[BioC] How to match Locus IDs with Gene Ontology IDs?
sdurinck@ebi.ac.uk
sdurinck at ebi.ac.uk
Wed Nov 23 09:32:25 CET 2005
Hi,
There are two ways to do this in biomaRt. The result will be the same but
the second way is a very general one and will allow you to extract
anything you want that is available from the BioMart databases.

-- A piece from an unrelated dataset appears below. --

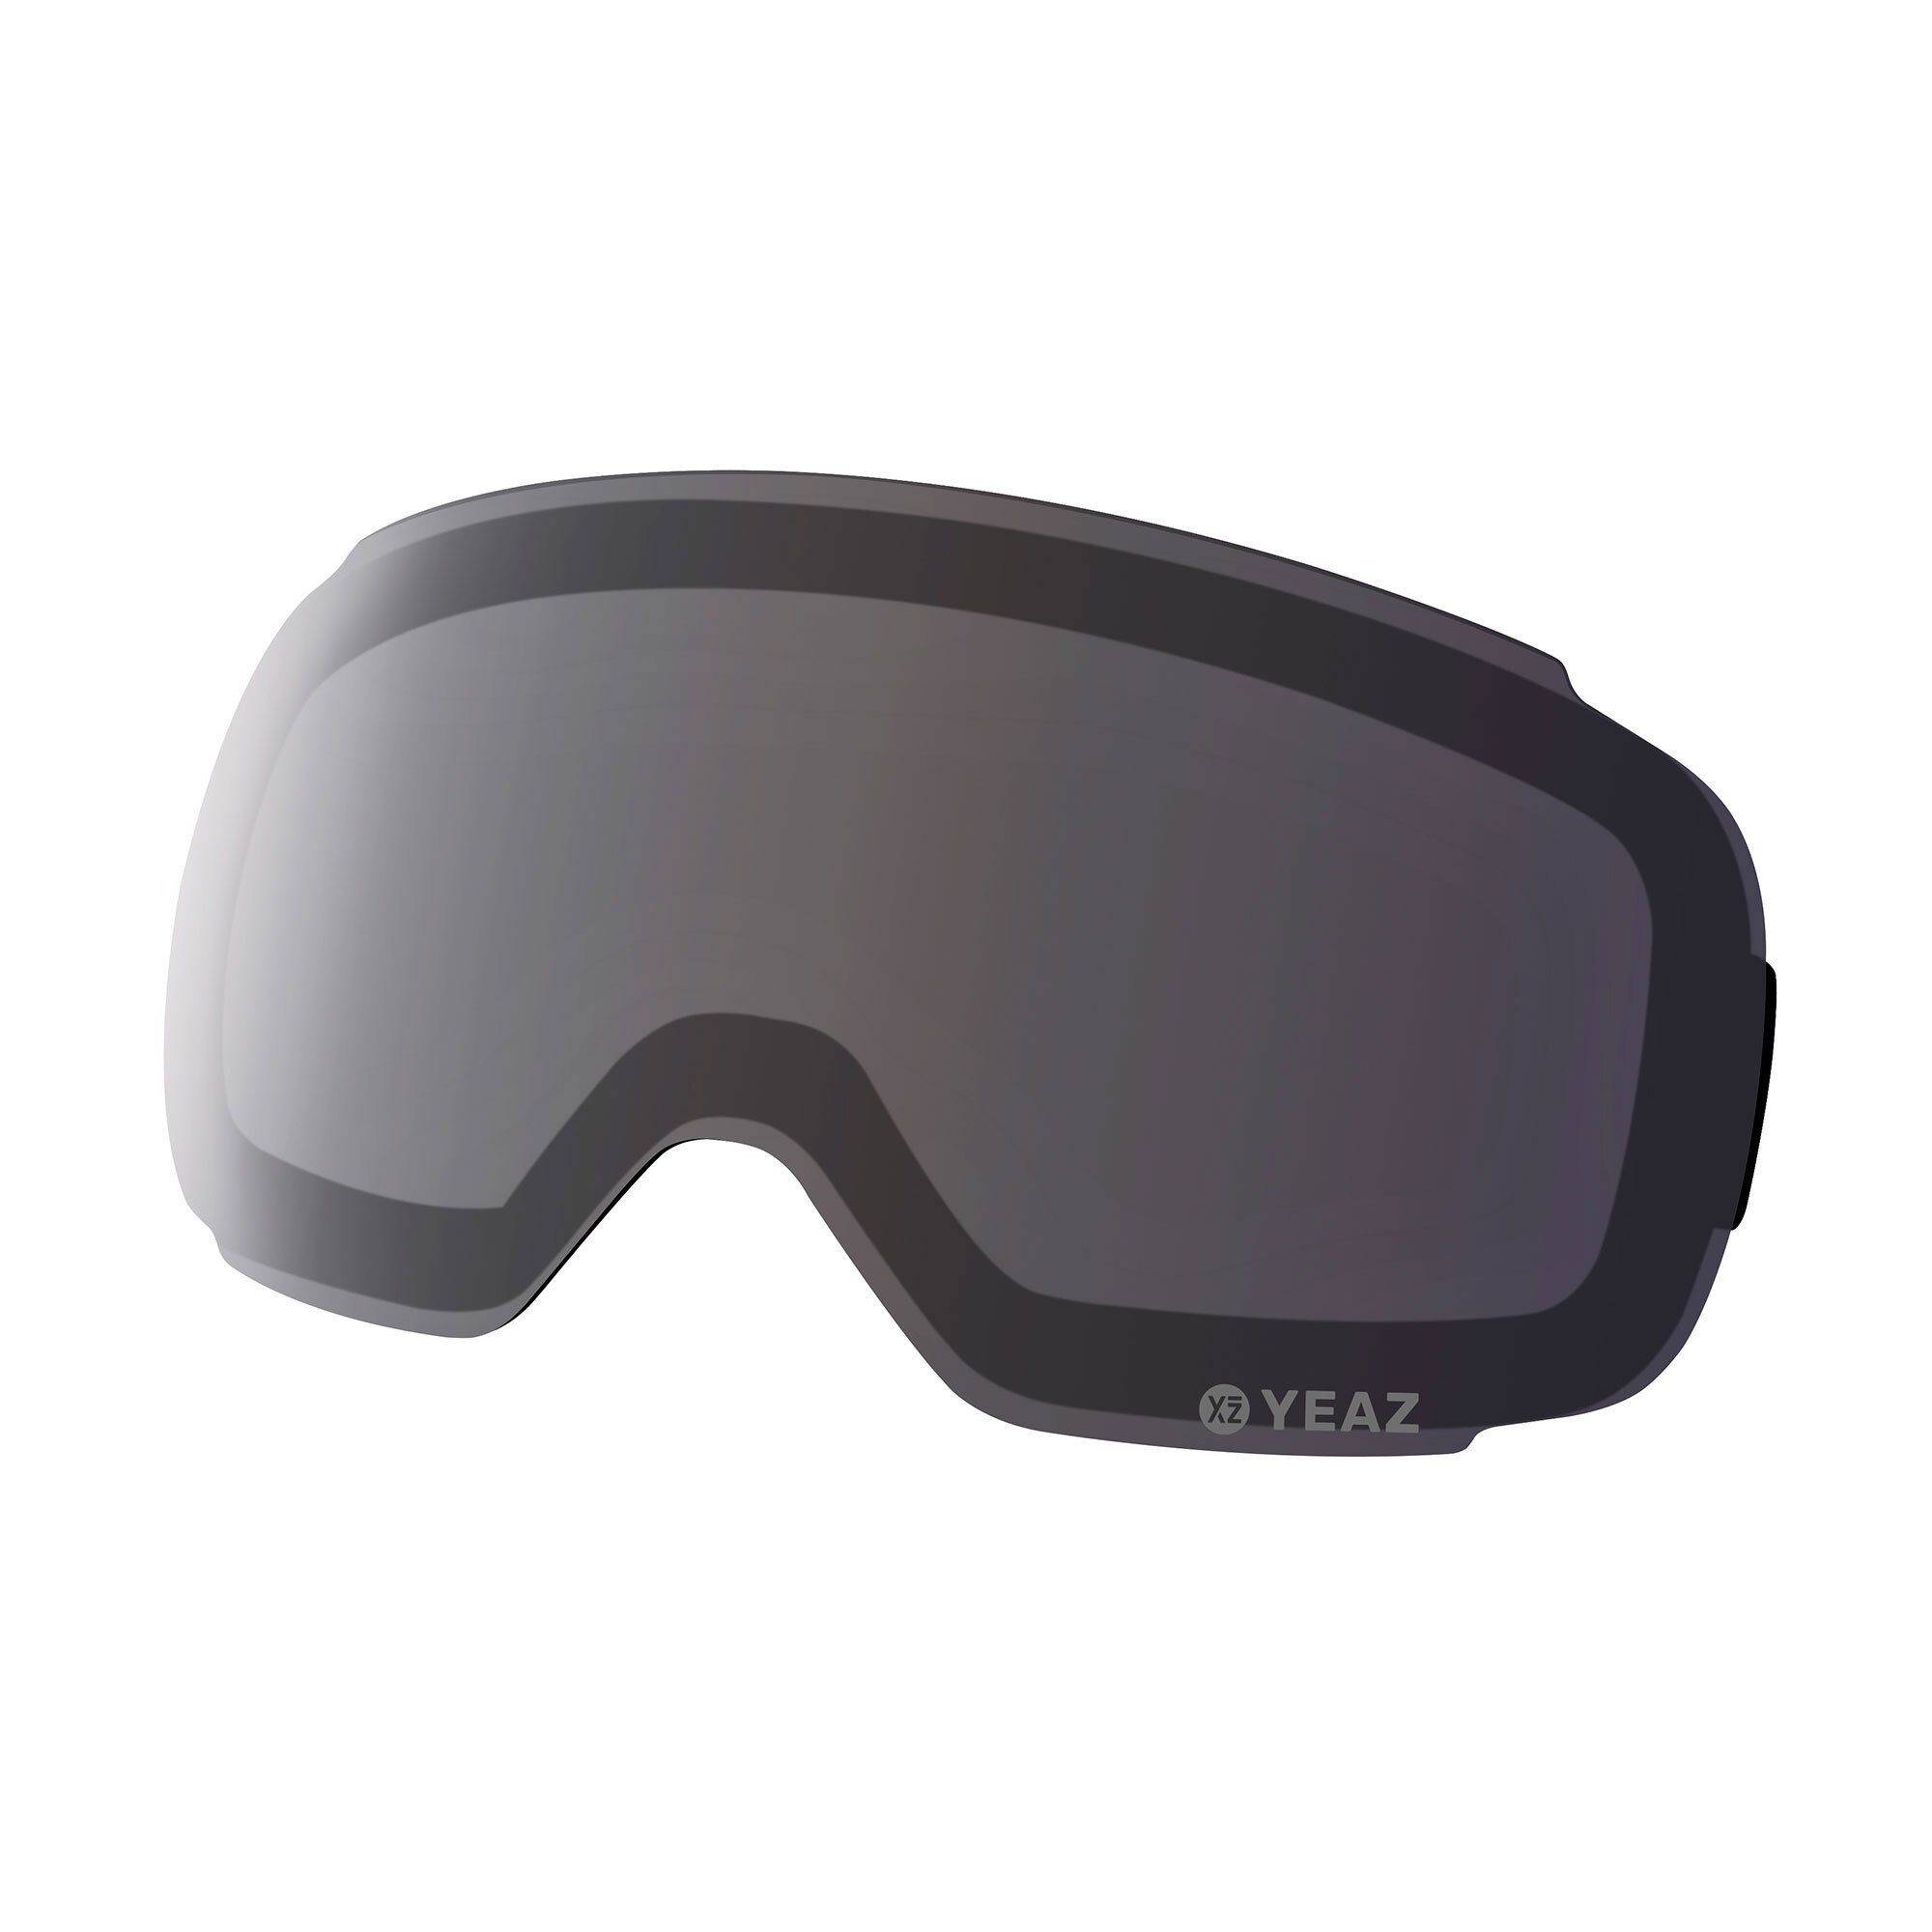 YEAZ Skibrille TWEAK-X wechselglas für ski- snowboardbrille, Ersatzglas für TWEAK-X Skibrille

1) Using the simple getGO function:
> mart=martConnect()
connected to: ensembl_mart_35
#Now retrieve the GO annotation for your id, note that you can also give a
vector of id's
> getGO(id="NM_001533",type="refseq",species="hsapiens",mart=mart)
id GOID description
evidence
1 NM_001533 GO:0000166 nucleotide binding
IEA
2 NM_001533 GO:0003723 RNA binding
TAS
3 NM_001533 GO:0006397 mRNA processing
IEA
4 NM_001533 GO:0005654 nucleoplasm
TAS
5 NM_001533 GO:0030530 heterogeneous nuclear ribonucleoprotein complex
TAS
6 NM_001533 GO:0005634 nucleus
IEA
martID
1 ENSG00000104824
2 ENSG00000104824
3 ENSG00000104824
4 ENSG00000104824
5 ENSG00000104824
6 ENSG00000104824
>martDisconnect(mart)
2) Using the more powerful getBM function:
#List the available BioMart databases
> listMarts()
[1] "ensembl_mart_35" "vega_mart_35" "snp_mart_35" "msd_mart_4"
"uniprot_mart_17"
#Select a BioMart to use with the function useMart() and verify database
connection.
> mart=useMart("ensembl_mart_35")
connected to: ensembl_mart_35
#List the available datasets in the selected BioMart database.
> listDatasets(mart)
dataset version
1 ptroglodytes_gene_ensembl CHIMP1
2 ggallus_gene_ensembl WASHUC1
3 rnorvegicus_gene_ensembl RGSC3.4
4 scerevisiae_gene_ensembl SGD1
5 tnigroviridis_gene_ensembl TETRAODON7
6 xtropicalis_gene_ensembl JGI3
7 frubripes_gene_ensembl FUGU2
8 cintestinalis_gene_ensembl CINT1.95
9 agambiae_gene_ensembl MOZ2a
10 amellifera_gene_ensembl AMEL2.0
11 btaurus_gene_ensembl BDGP4
12 celegans_gene_ensembl CEL140
13 mmusculus_gene_ensembl NCBIM34
14 cfamiliaris_gene_ensembl BROADD1
15 dmelanogaster_gene_ensembl BDGP4
16 drerio_gene_ensembl ZFISH5
17 hsapiens_gene_ensembl NCBI35
18 mdomestica_gene_ensembl JGI3
#Update the mart object by selecting a dataset
> mart = useDataset(dataset = "hsapiens_gene_ensembl",mart = mart)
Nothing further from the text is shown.